GIVEN DATA:

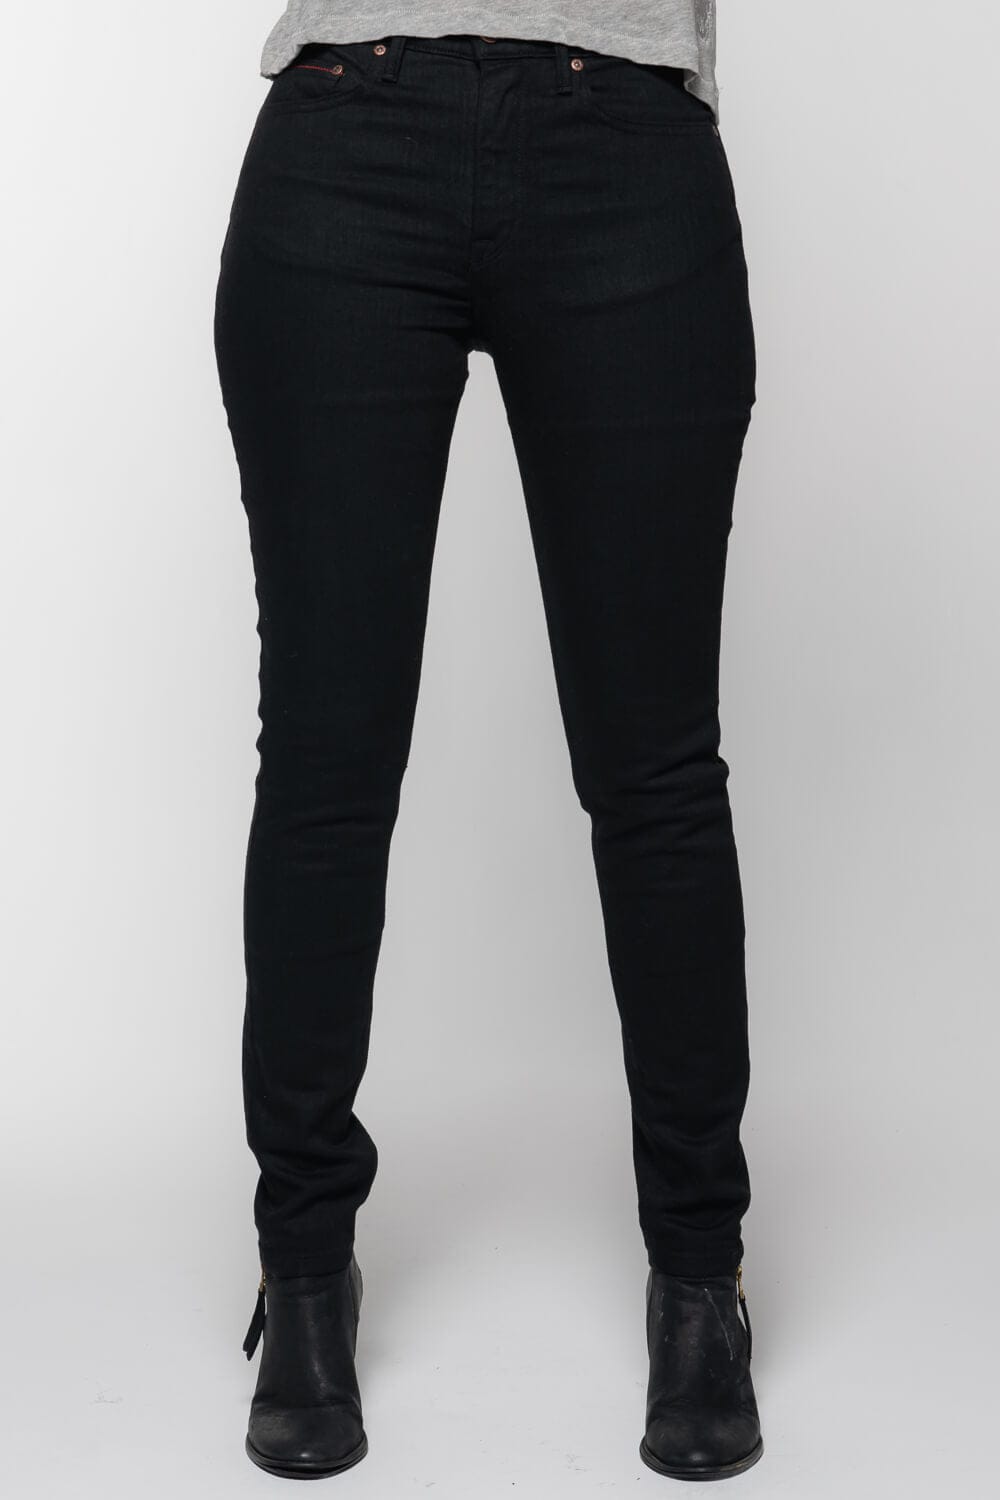 IQ Authentic Brand Capri Pants Suit Black Denim Jeans Jacket 2X Capris 16 
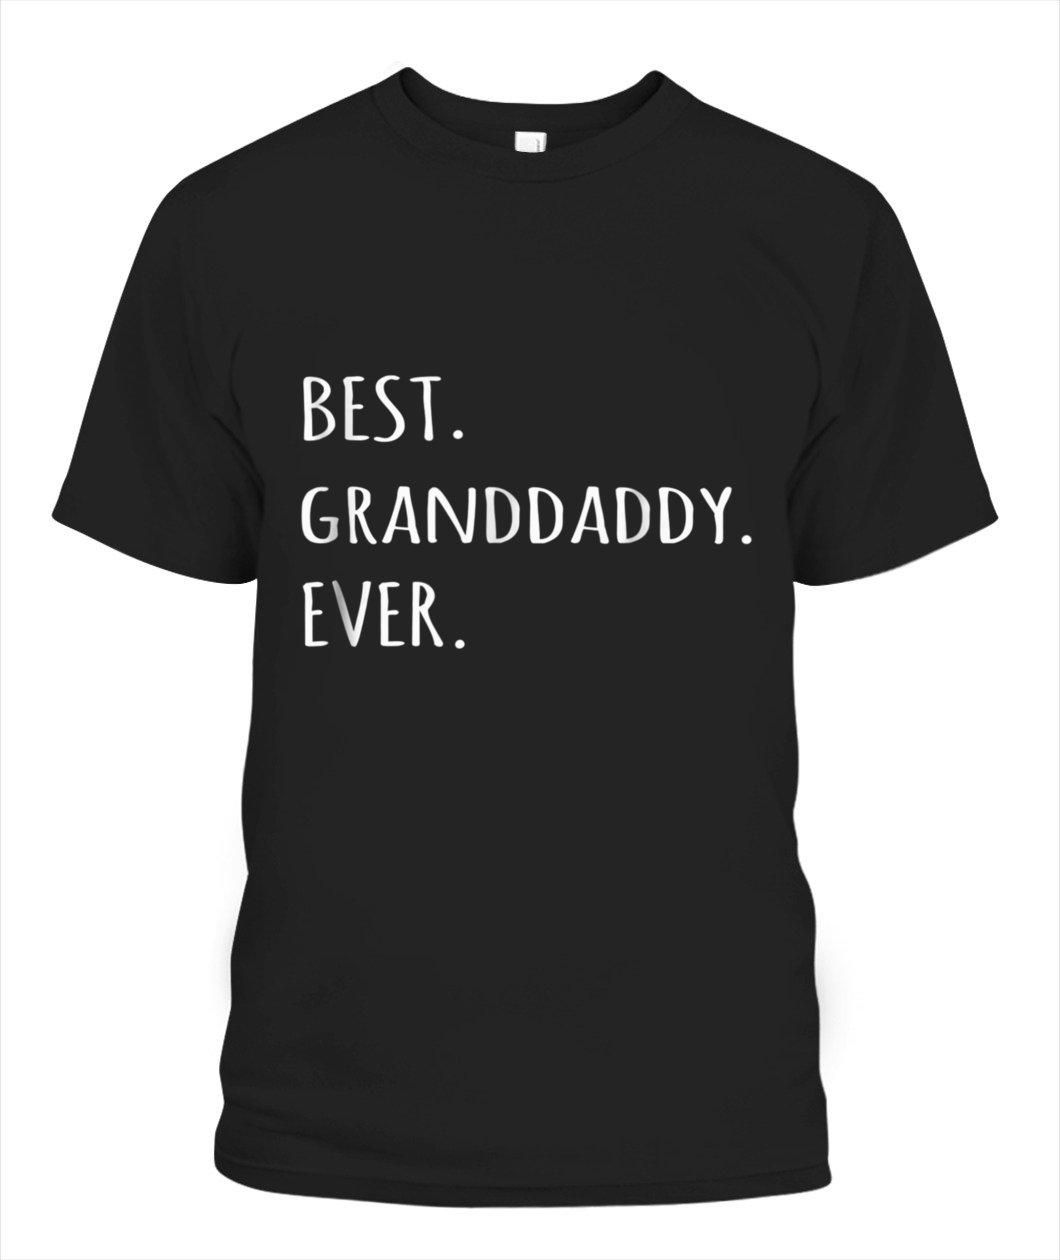 Best Granddaddy Ever Tee Shirt Grandpa Tee Shirt
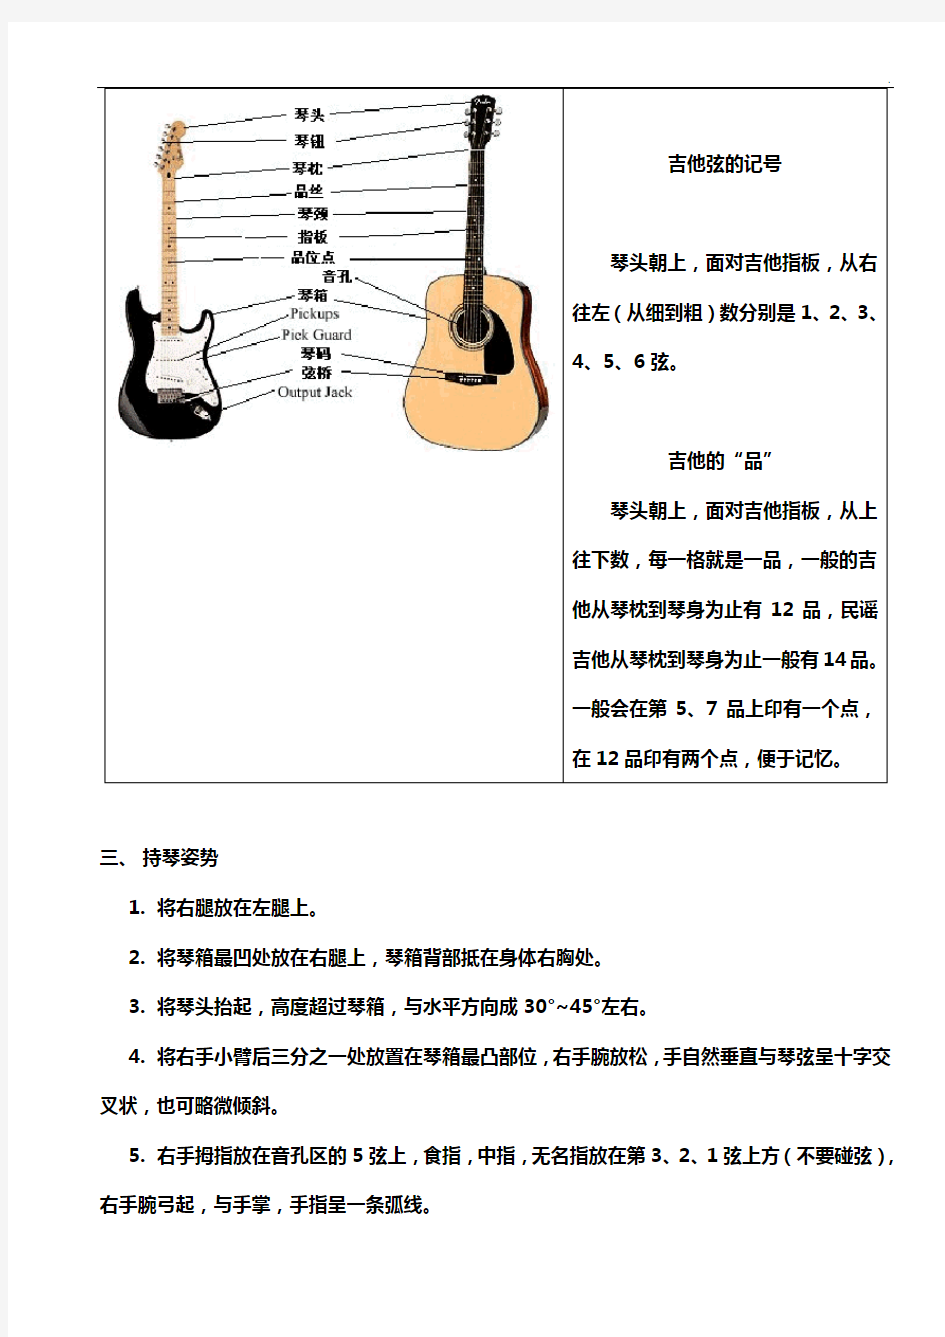 吉他基础学习与各调音阶图详解

AIM OF THE EXERCISE:
Would you set down the listing exactly, omitting pictures?

RESULT OF THE EXERCISE:
 IQ Authentic Brand Capri Pants Suit Black Denim Jeans Jacket 2X Capris 16 
 Best Granddaddy Ever Tee Shirt Grandpa Tee Shirt
 吉他基础学习与各调音阶图详解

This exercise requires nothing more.